____ Data excerpts
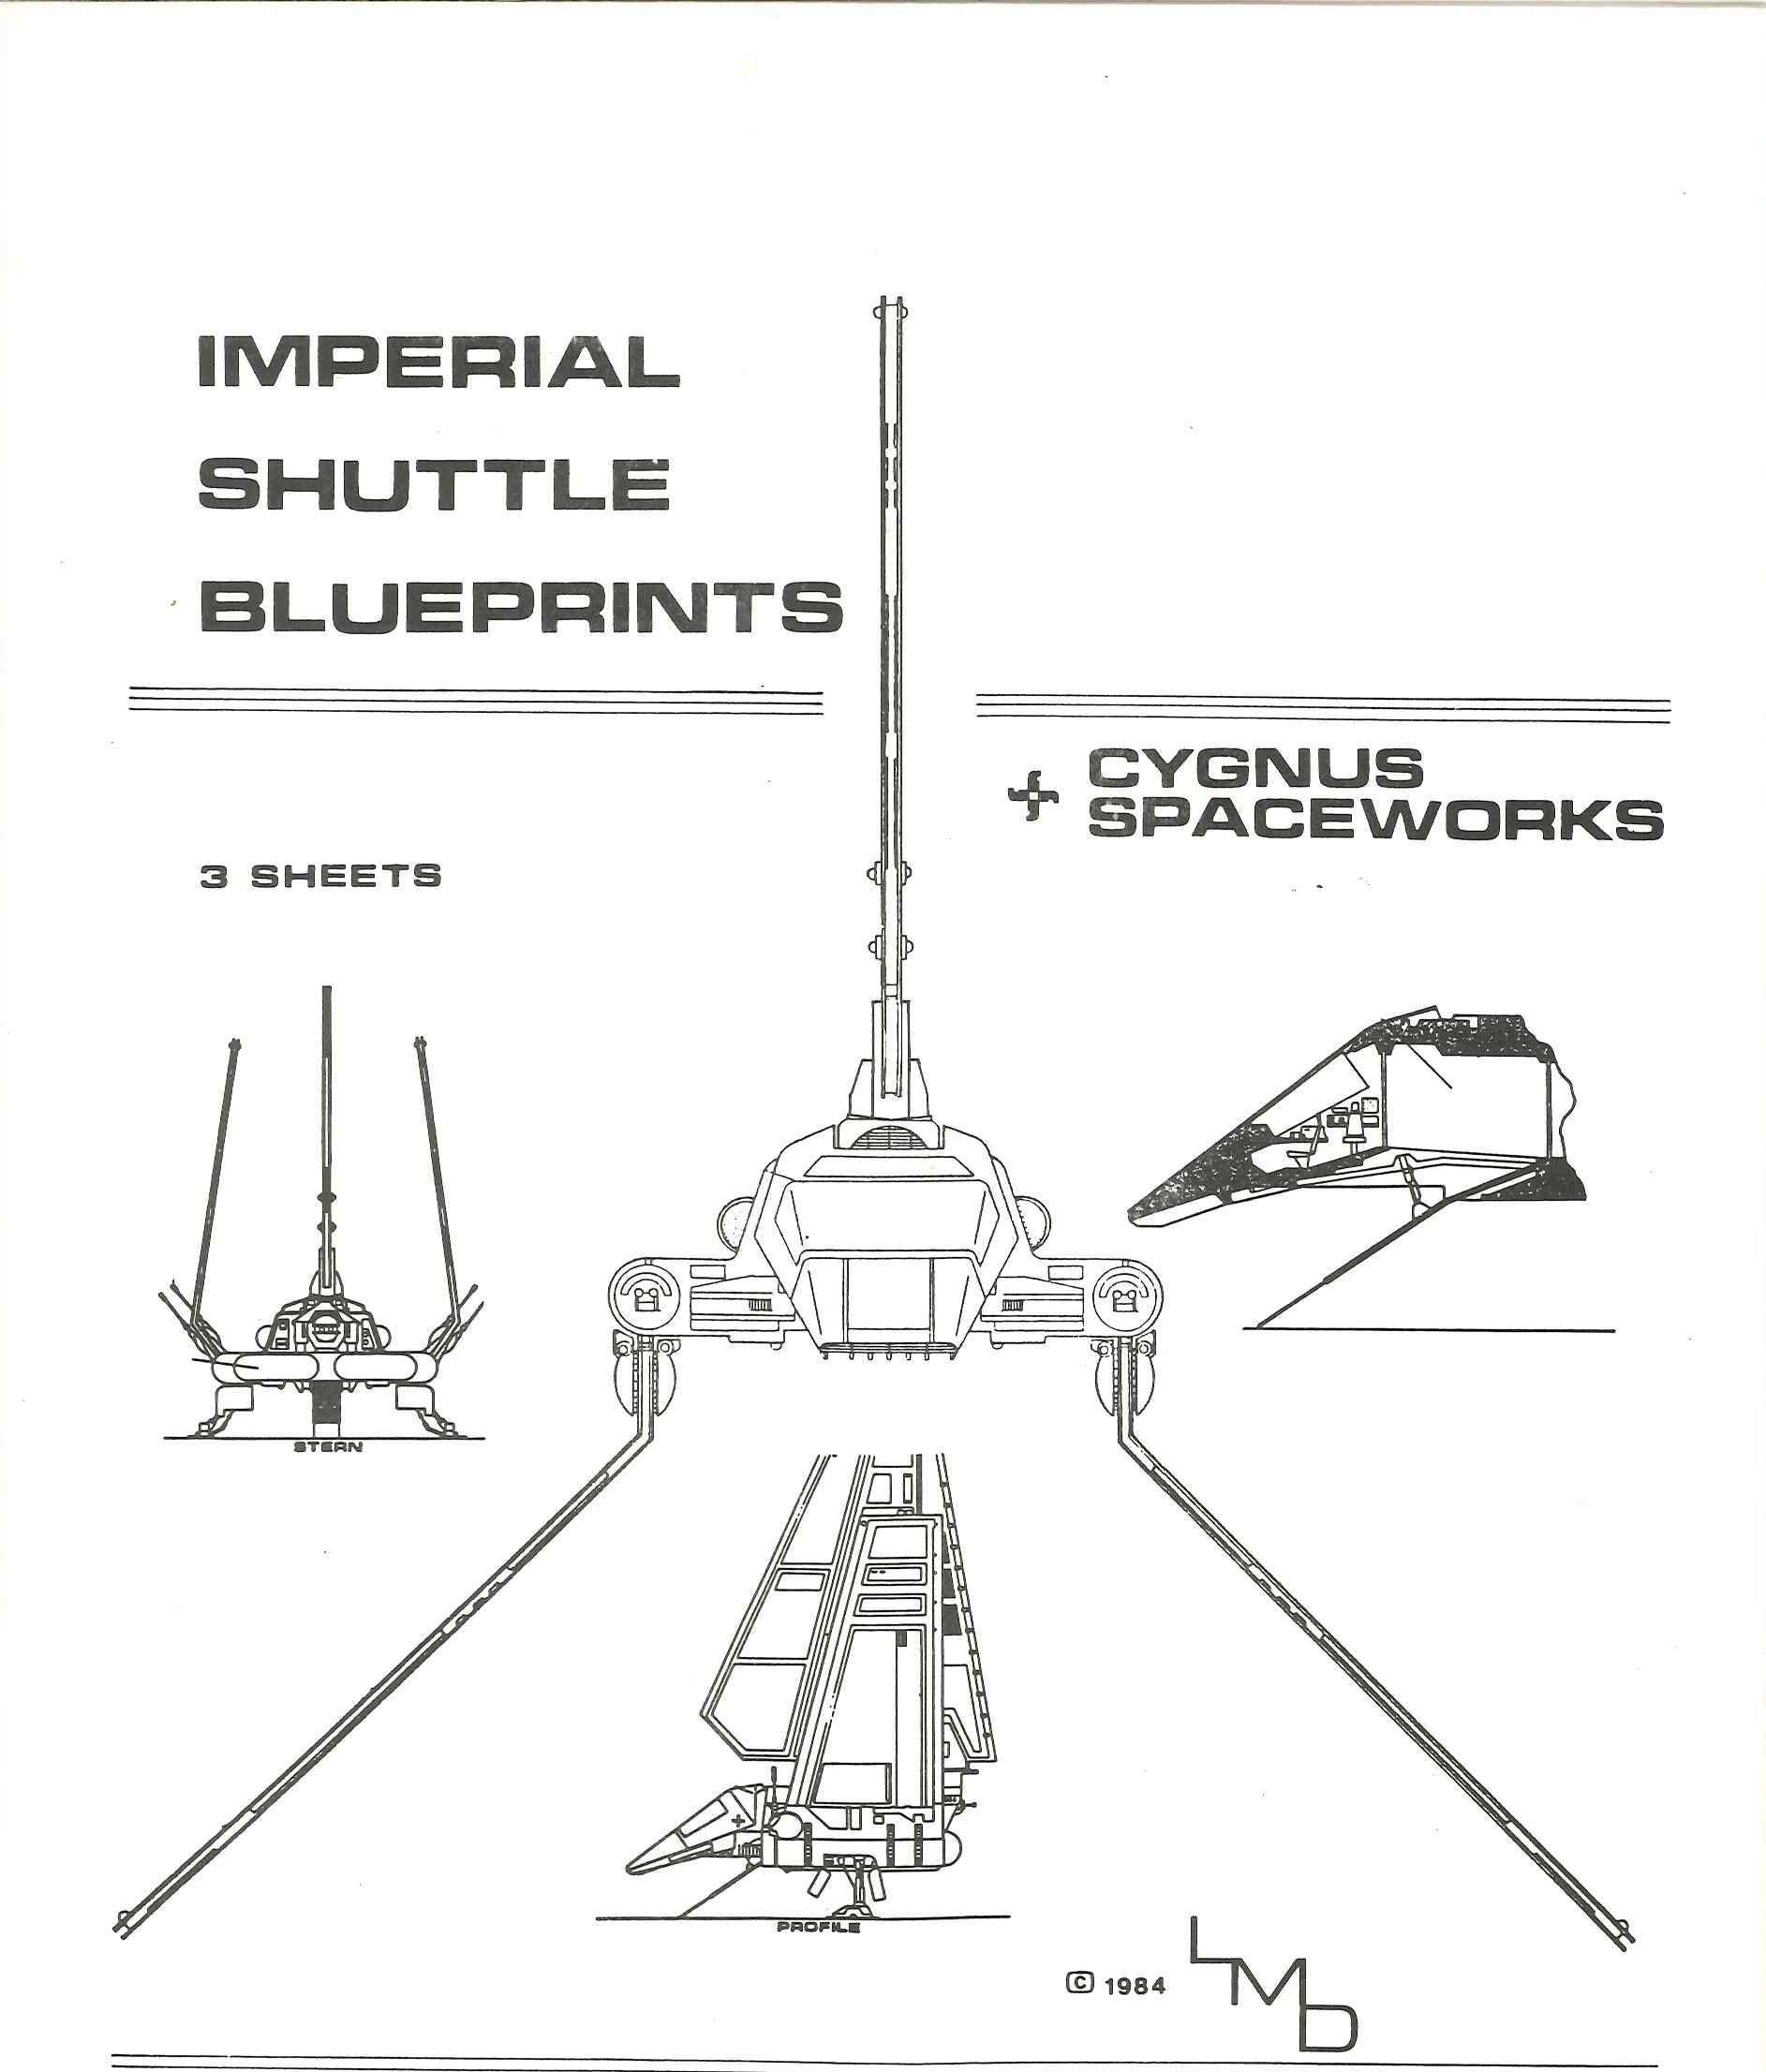 1998 expedition mach audio wiring diagram
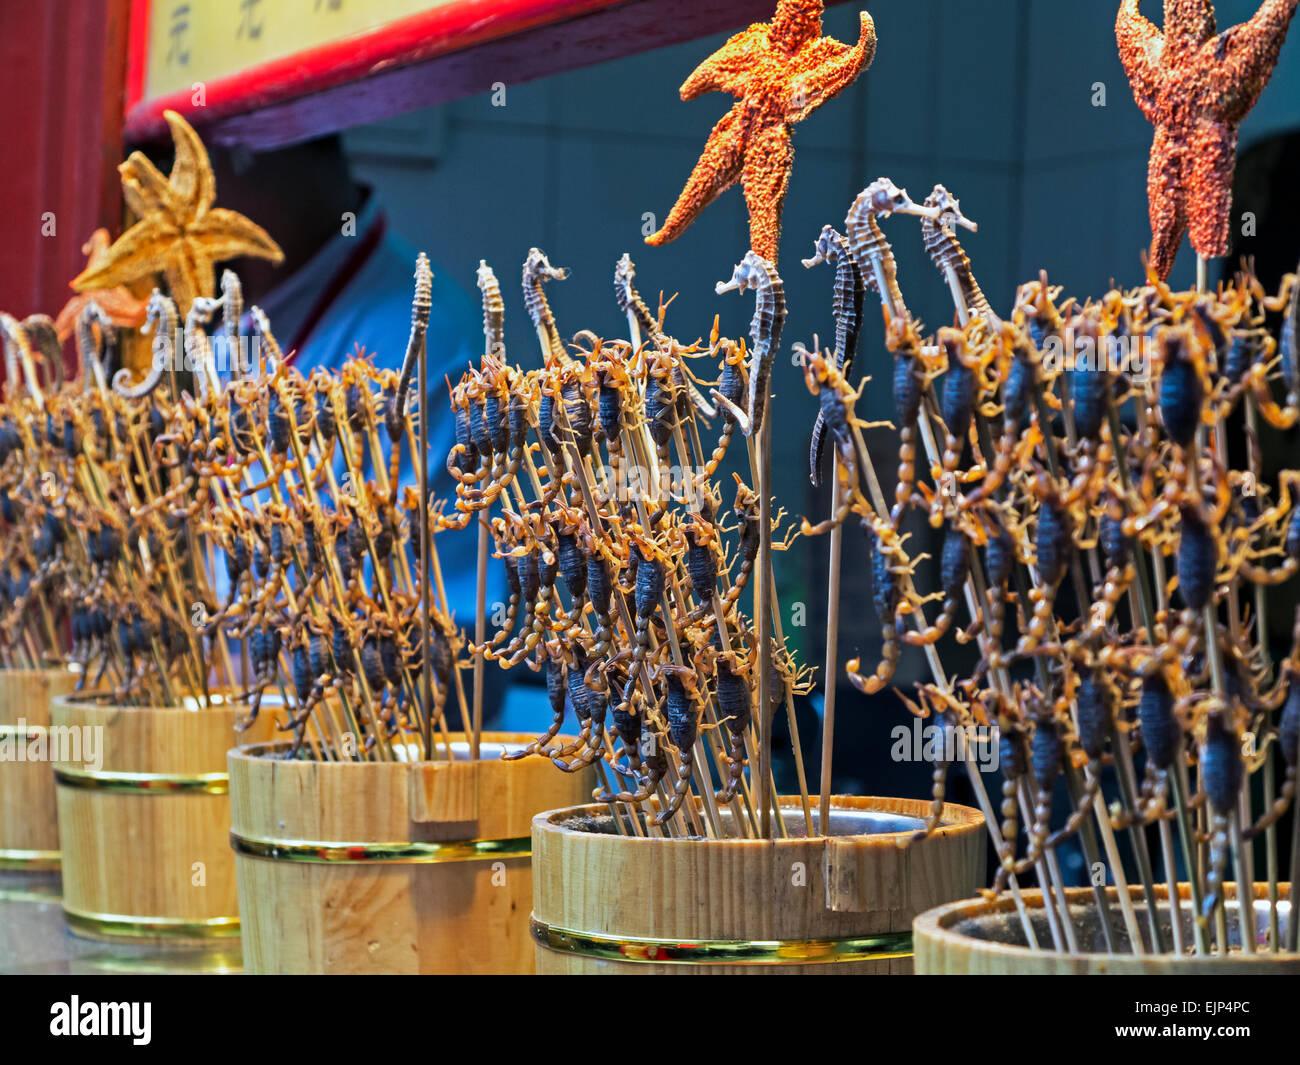 China, Beijing, scorpions and starfish on skewers, Wangfujing street night market - Stock Image
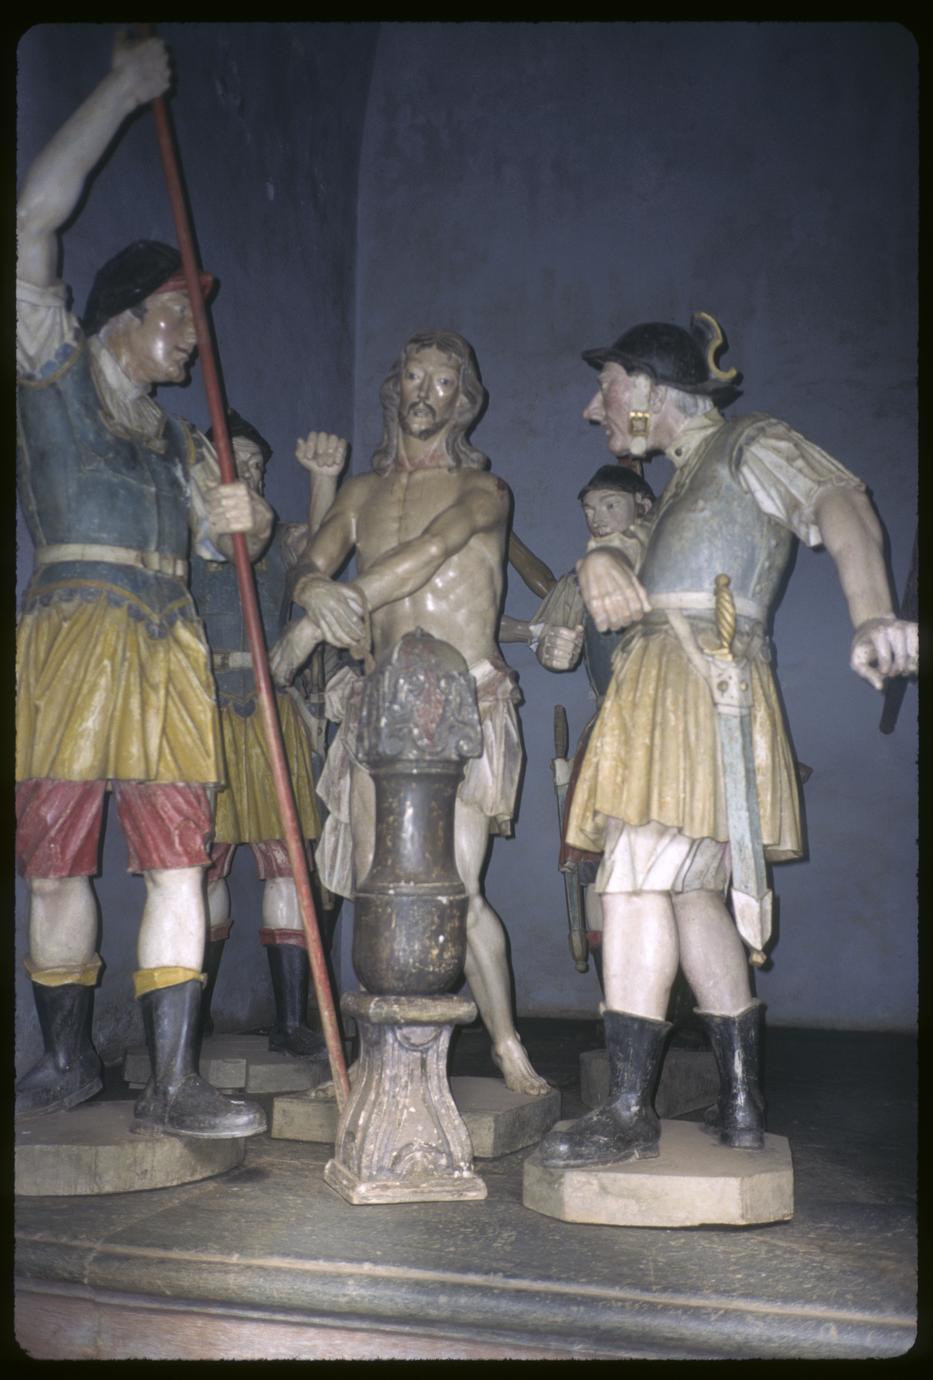 Sculptural group by Aleijandinho, interior Congonhas Basilica (1 of 3)
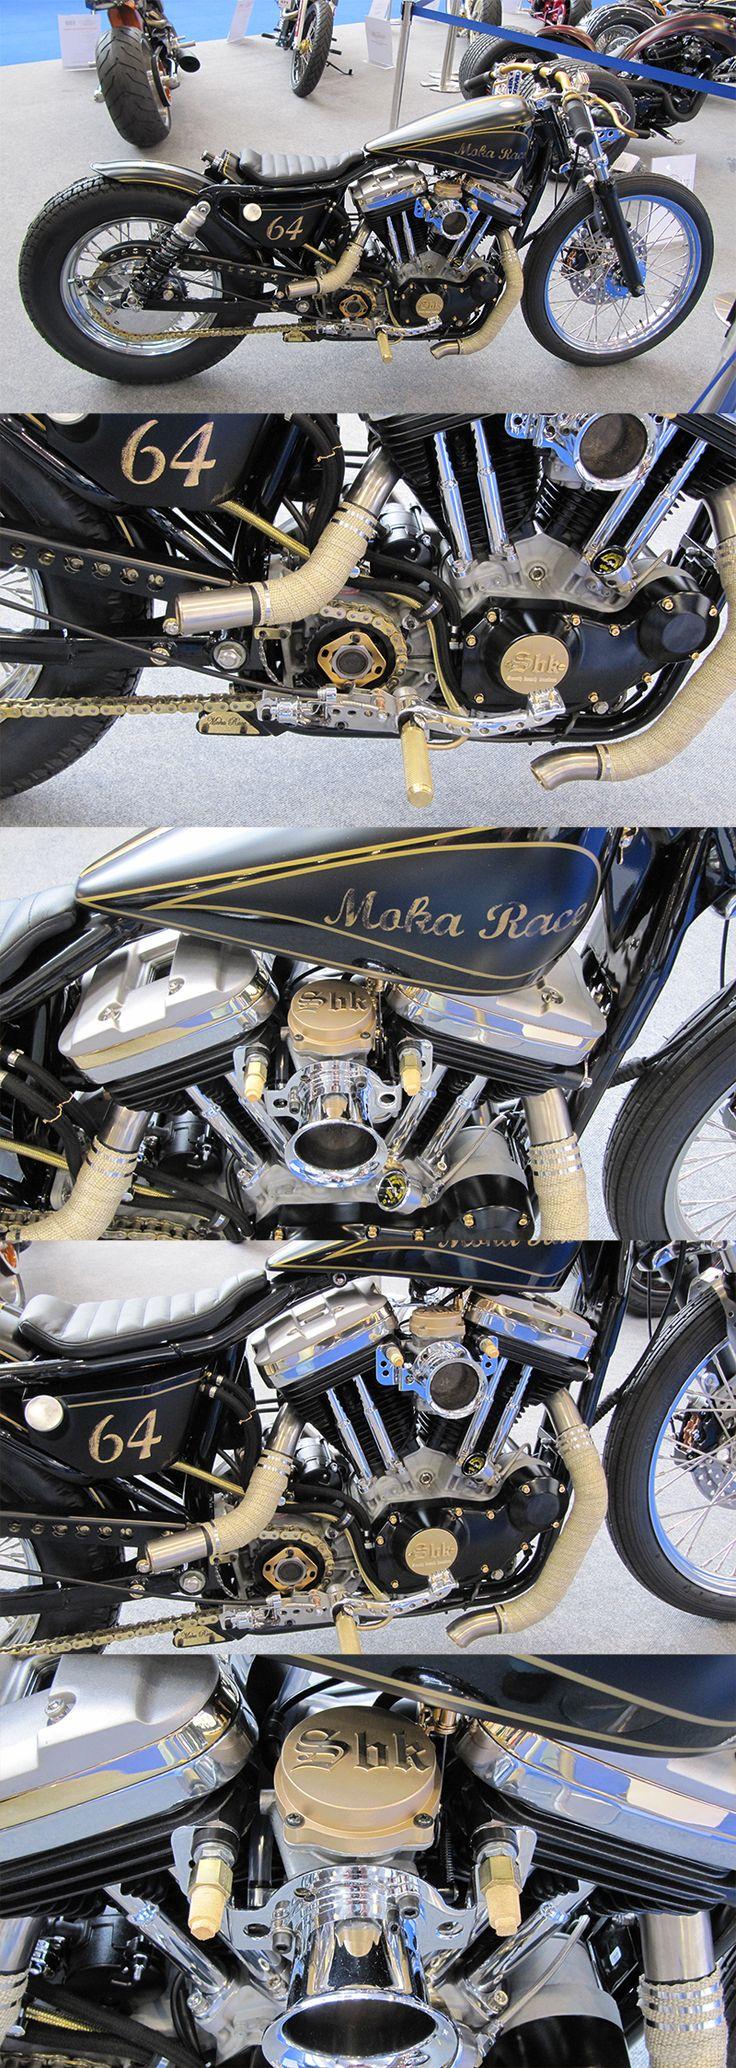 Maka Race number 64, at Essen #AMD world championship in custom bike building
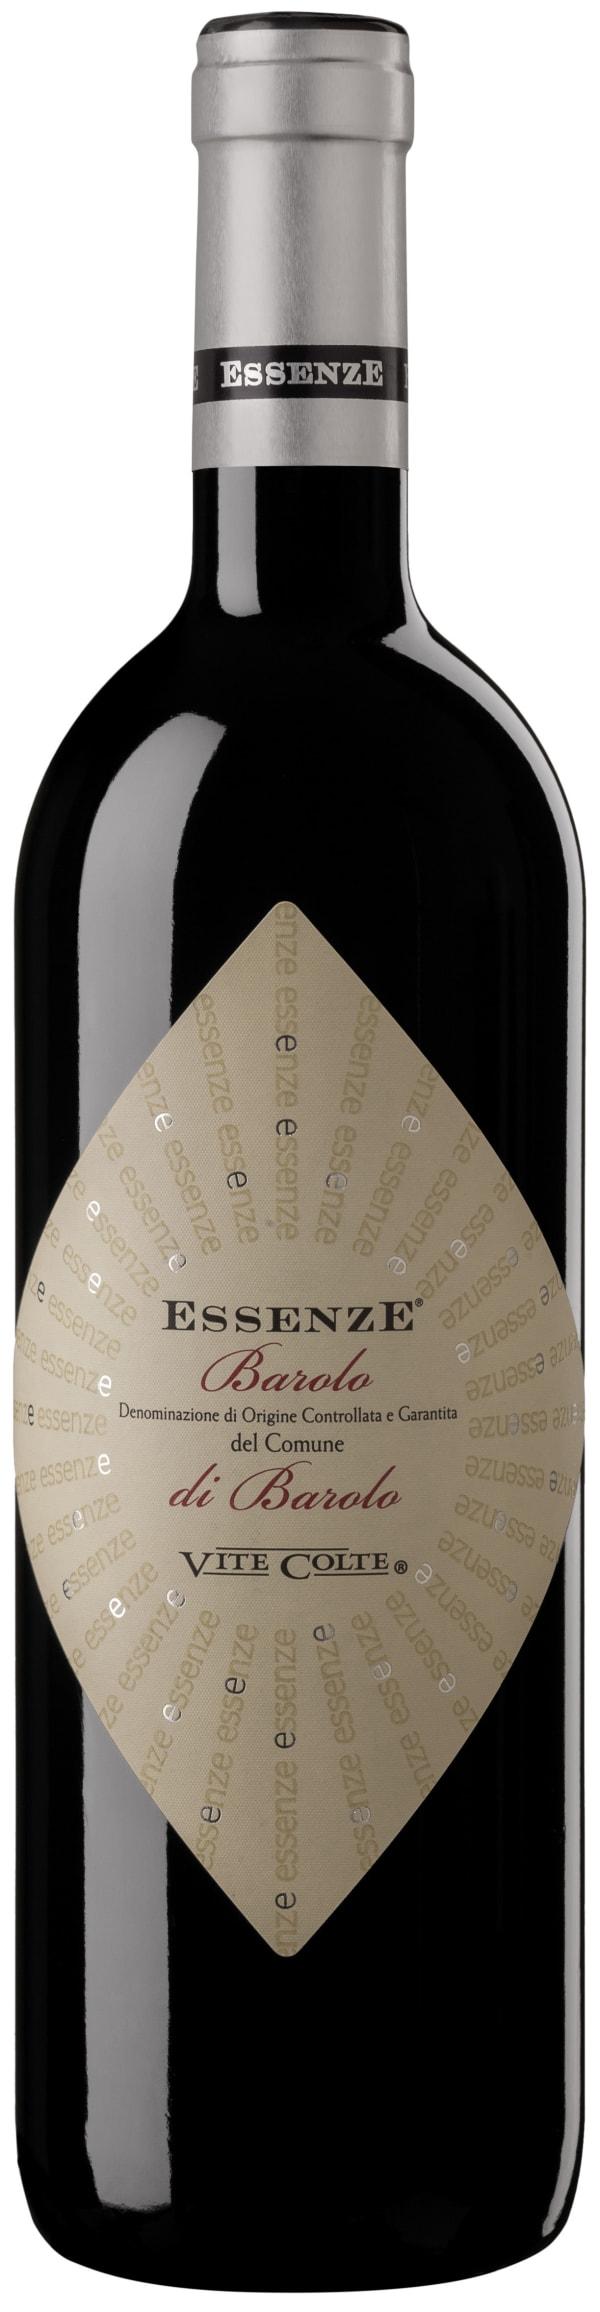 Barolo Essenze 2011
________
> _To do_: Repeat the records word for word and drop any pictures.

> _Solution to this task_:
 1998 expedition mach audio wiring diagram
 China, Beijing, scorpions and starfish on skewers, Wangfujing street night market - Stock Image
 Sculptural group by Aleijandinho, interior Congonhas Basilica (1 of 3)
 Maka Race number 64, at Essen #AMD world championship in custom bike building
 Barolo Essenze 2011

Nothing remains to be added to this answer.